CLASSIC REEL: Fatal Attraction

Cast: Michael Douglas, Glenn Close and Anne Archer

Directed by: Adrian Lyne

Year of Release: 1987

Plot:  A married man has a weekend fling with another woman. This turns out very unwise as his lover refuses to accept their ‘relationship’ is over.

Inspired by the 1980 short film Diversion, this classic movie’s story line says it all; a man faces the consequences of his infidelity. And not from his wife but from the woman he stupidly slept with while the missus and their daughter were away. And before male viewers out there grumble they are being unfairly picked on, they will be satisfied to know that several years later, Adrian Lyne directed another movie about a cheating spouse (the wife this time), Unfaithful.

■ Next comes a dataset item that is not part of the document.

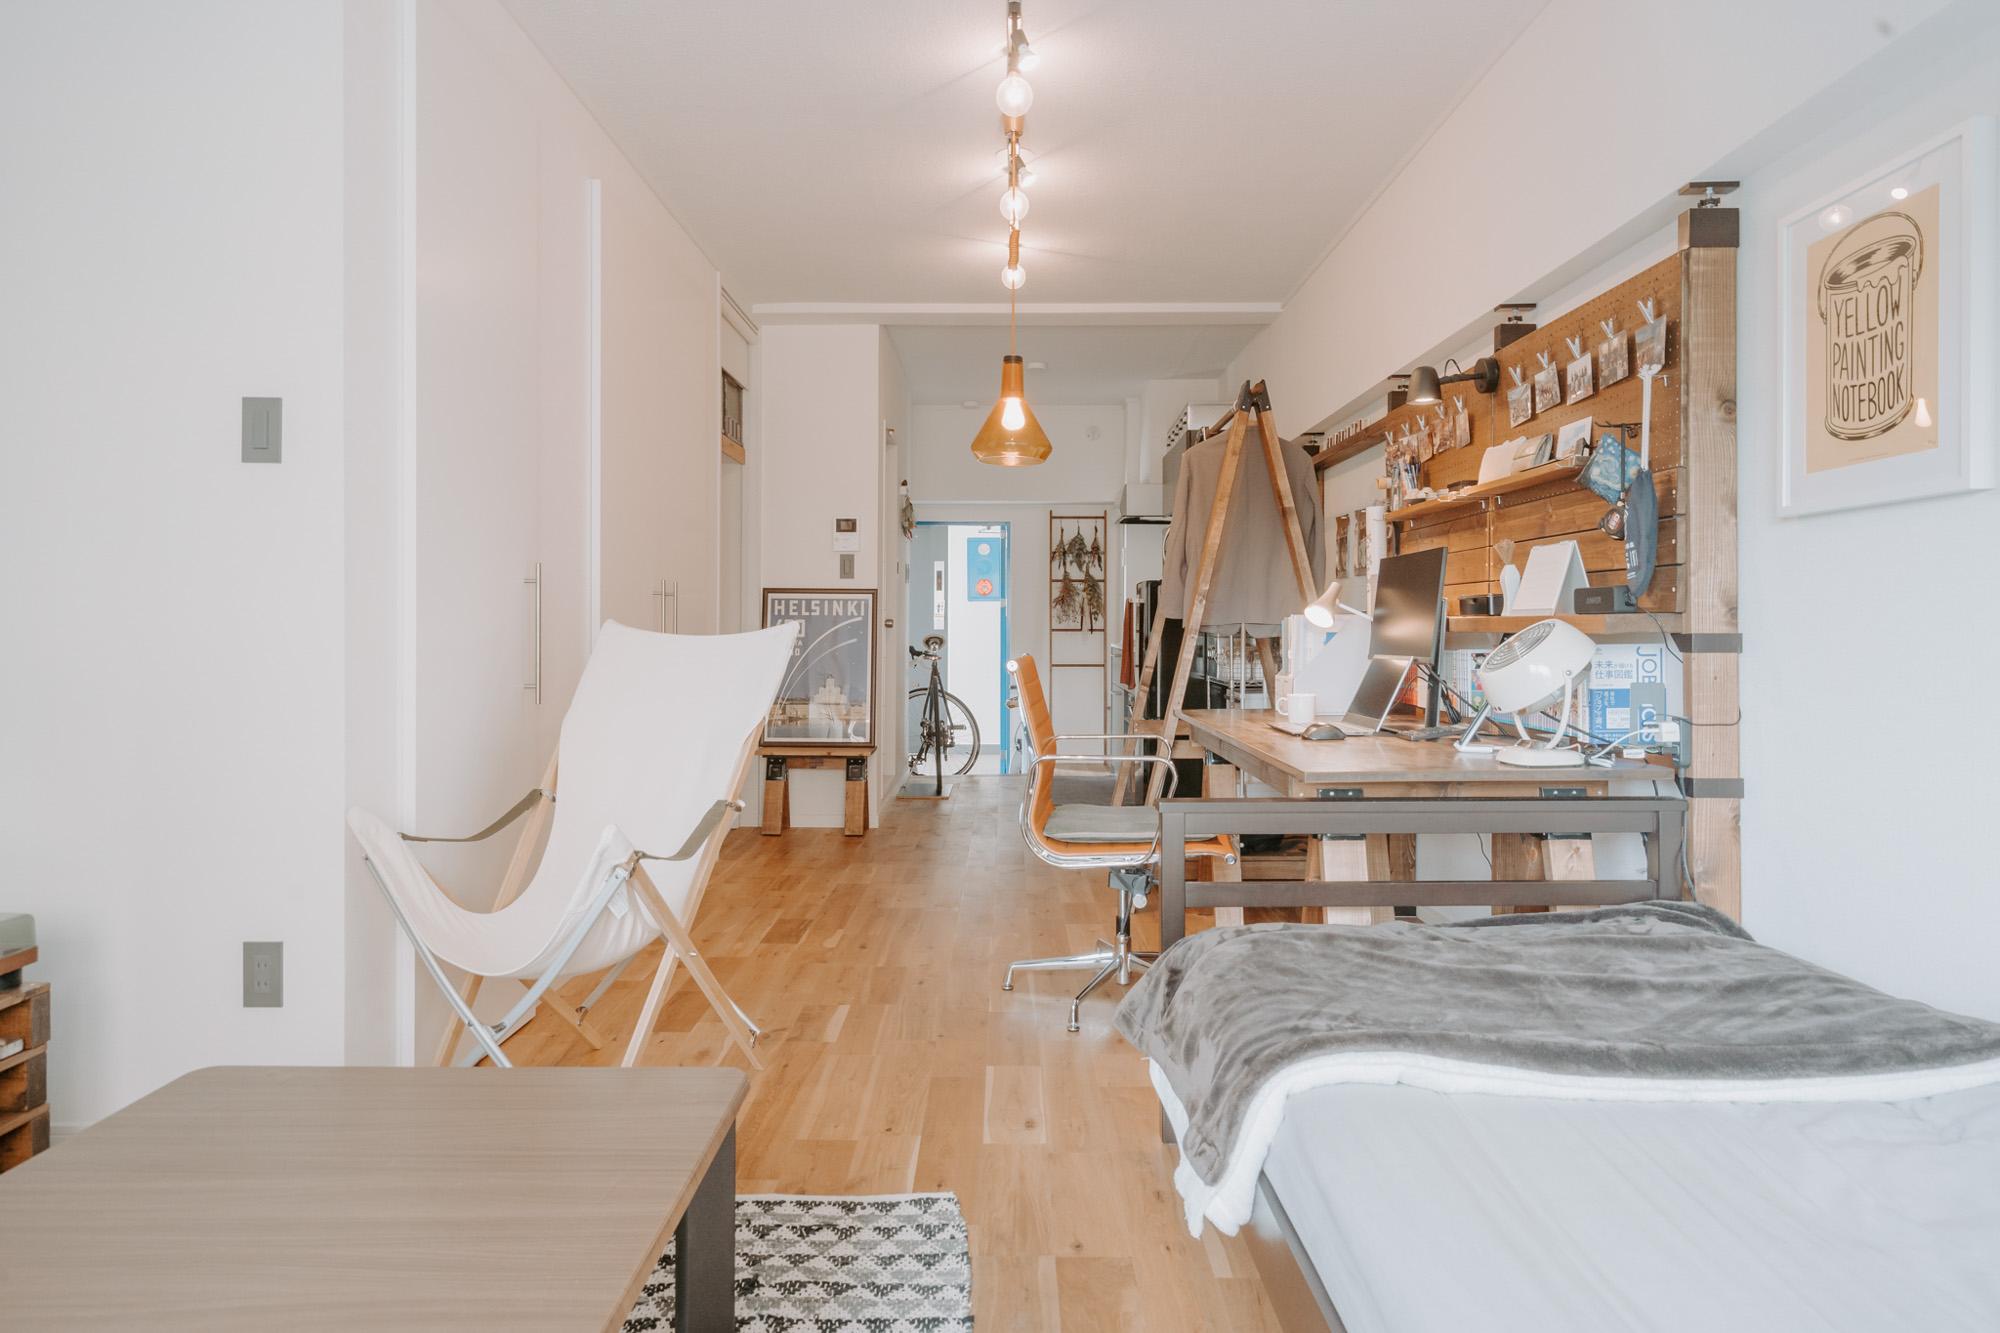 スノーピークの「Take!チェアロング」は買ってよかった家具のひとつ。「ベランダに出したりして使っています」

Moving on.

Fatal Attraction did very well in the box office the year it was released, with six Oscar nominations; one of which Best Supporting Actress for Glenn Close, who played Alex. Glenn Close really stole the show as the woman scorned but unfortunately was robbed of the Oscar she really deserved. Her reaction after being told the fling was over was spot on and her stalking and devious ways of getting back at Dan (Michael Douglas) will have you at the end of your seat, wondering what else she would do to him or his family. But while it clearly teaches men not to stray, it does stir some points to note.  

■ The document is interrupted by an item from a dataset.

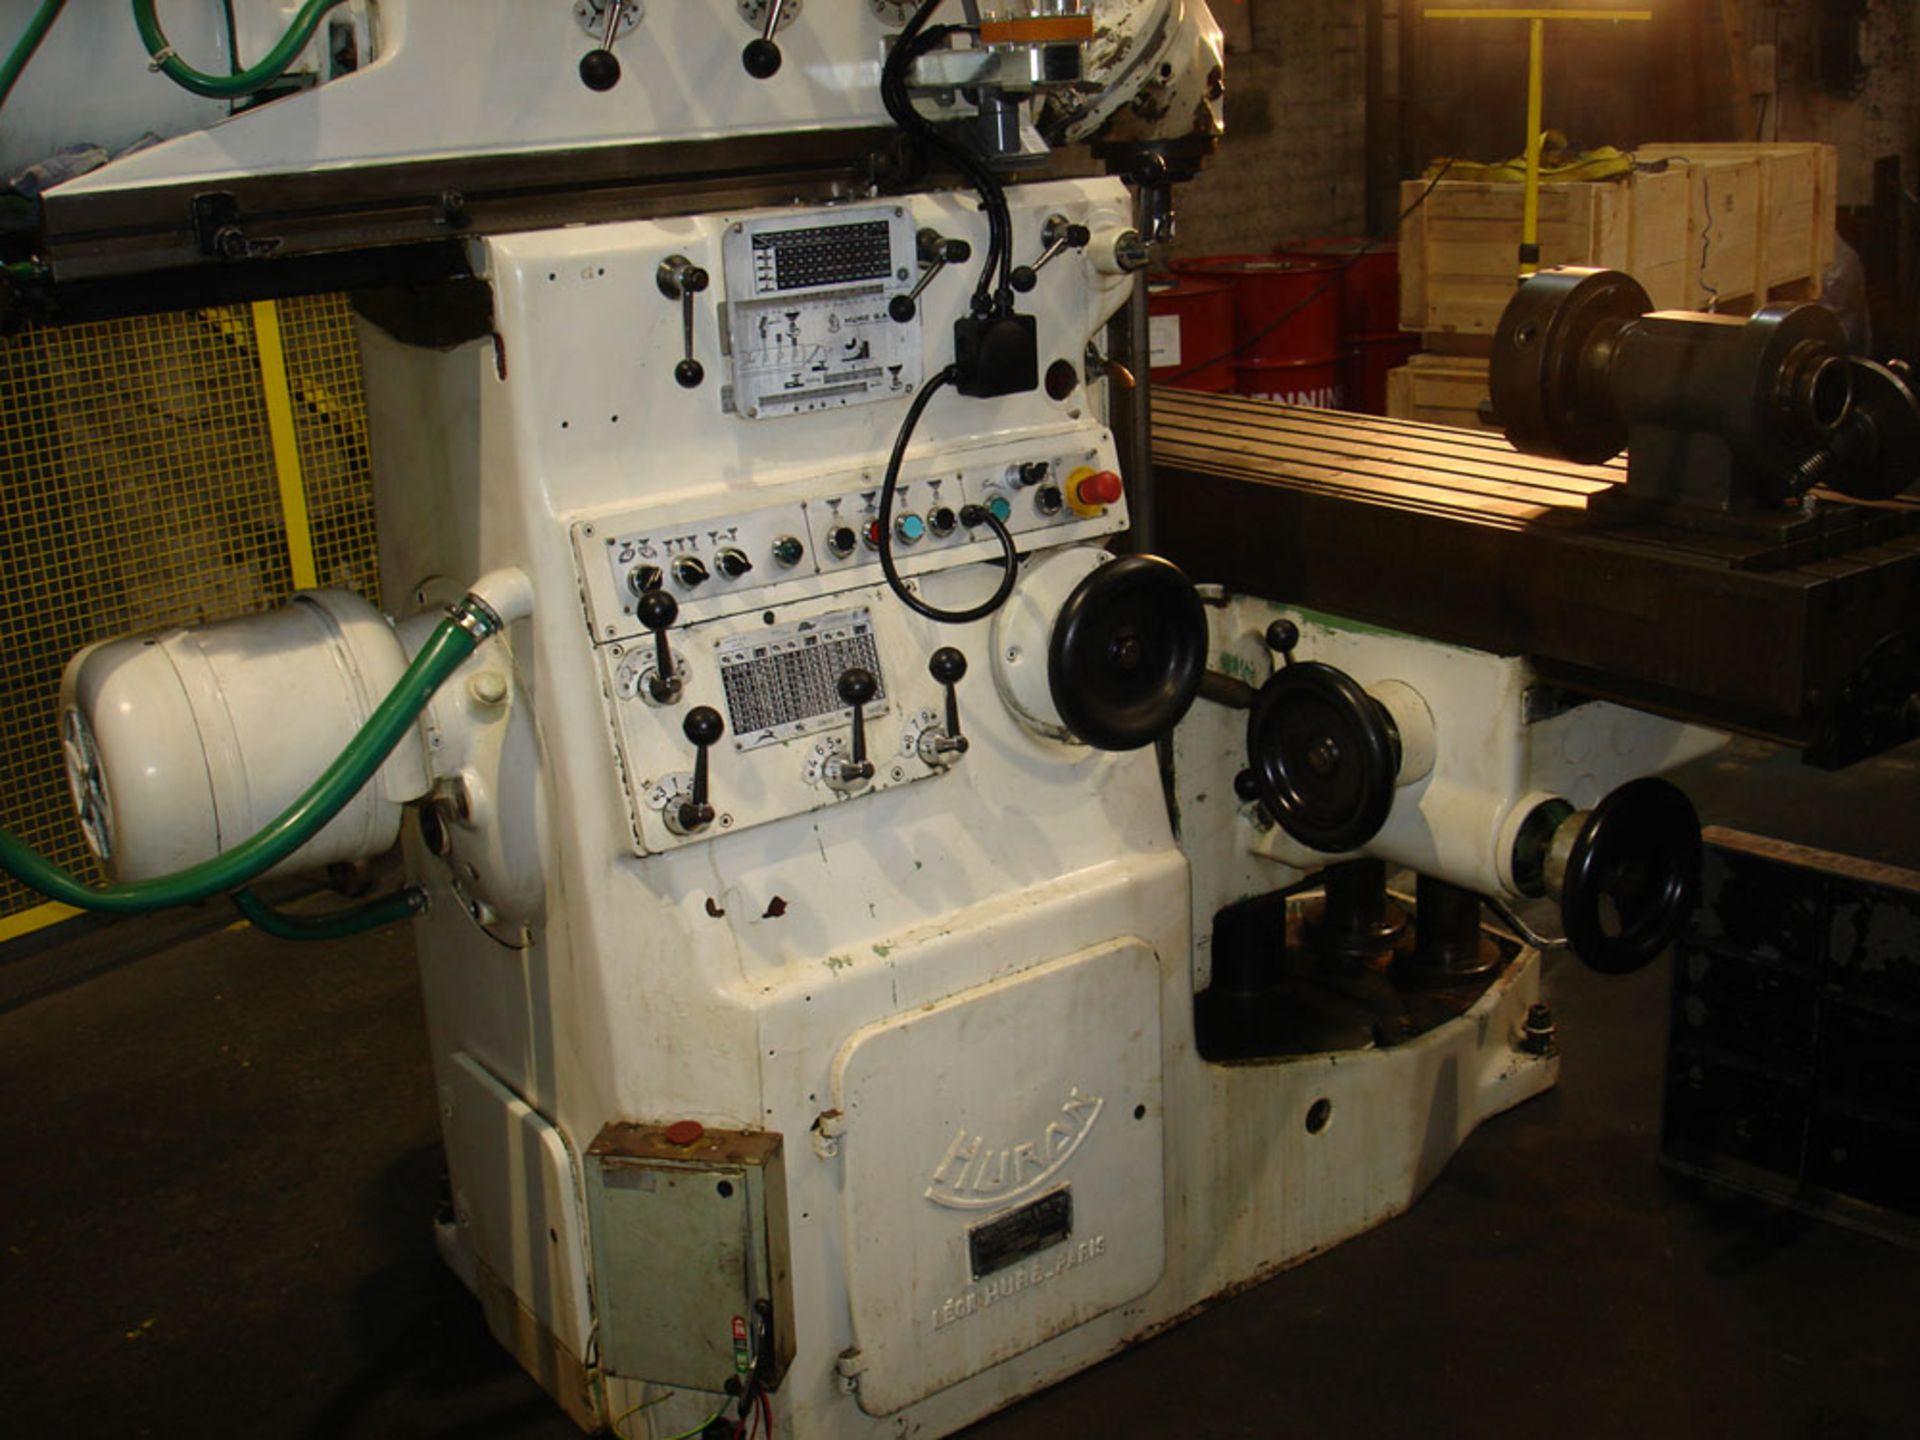 Huron MU6 Universal Milling Machine. - Image 4 of 8

Before you begin feeling sorry for him, remember it was Dan’s choice to cheat on his wife (Anne Archer), whom he professes to love very much. Why did he cheat in the first place? Out of boredom or there was something Beth couldn’t do for him in the marital bed? Probably the second one, since the sex between them was pretty much rough and personal opinion, cringe worthy. She even asked him, when they discuss his daughter and how long he has been married, 'Then what are you doing here?' 
 Dan and Alex have an agreement that’s it’s just a fling. Yet we see them happily running in the park with his dog, as though they were actually a couple and they have sex again afterwards. Some agreement! Dan had it all but he decided to be selfish and daring by exploring outside his marriage. Men!

And then suddenly, Alex; who at the beginning is the epitome of a successful, independent woman- she is an editor in a publishing firm- is suddenly the bad guy. She’s gotten so attached and obsessed with Dan. She slashes her wrists to stop him from leaving, and she constantly calls him and won’t leave him alone. 
Her classic line, ‘I will not be *ignored*’ and said so calmly too indicates she would go to any lengths to keep Dan for herself and remind him who he was dealing with. Seeing her becoming more and more unhinged and psychotic was really scary to say the least; especially the part she unconsciously cut her own leg with a kitchen knife (which by the way Glenn Close kept as a souvenir). Dan was the one who acted irresponsibly by having an affair with her and he becomes the victim, while Alex is the psychotic witch he’s trying to shake off. Should we agree he’s the one who made her the way she turned out later, or was he simply unfortunate to pick a woman who had serious abandonment issues?
It’s only when Alex does a terrible thing to his daughter that Dan finally confessed to his wife. The rest of the movie has Alex reaching her breaking point and we see the final (and very memorable) climax.

 Moral of the story? Simple... never cheat on your spouse.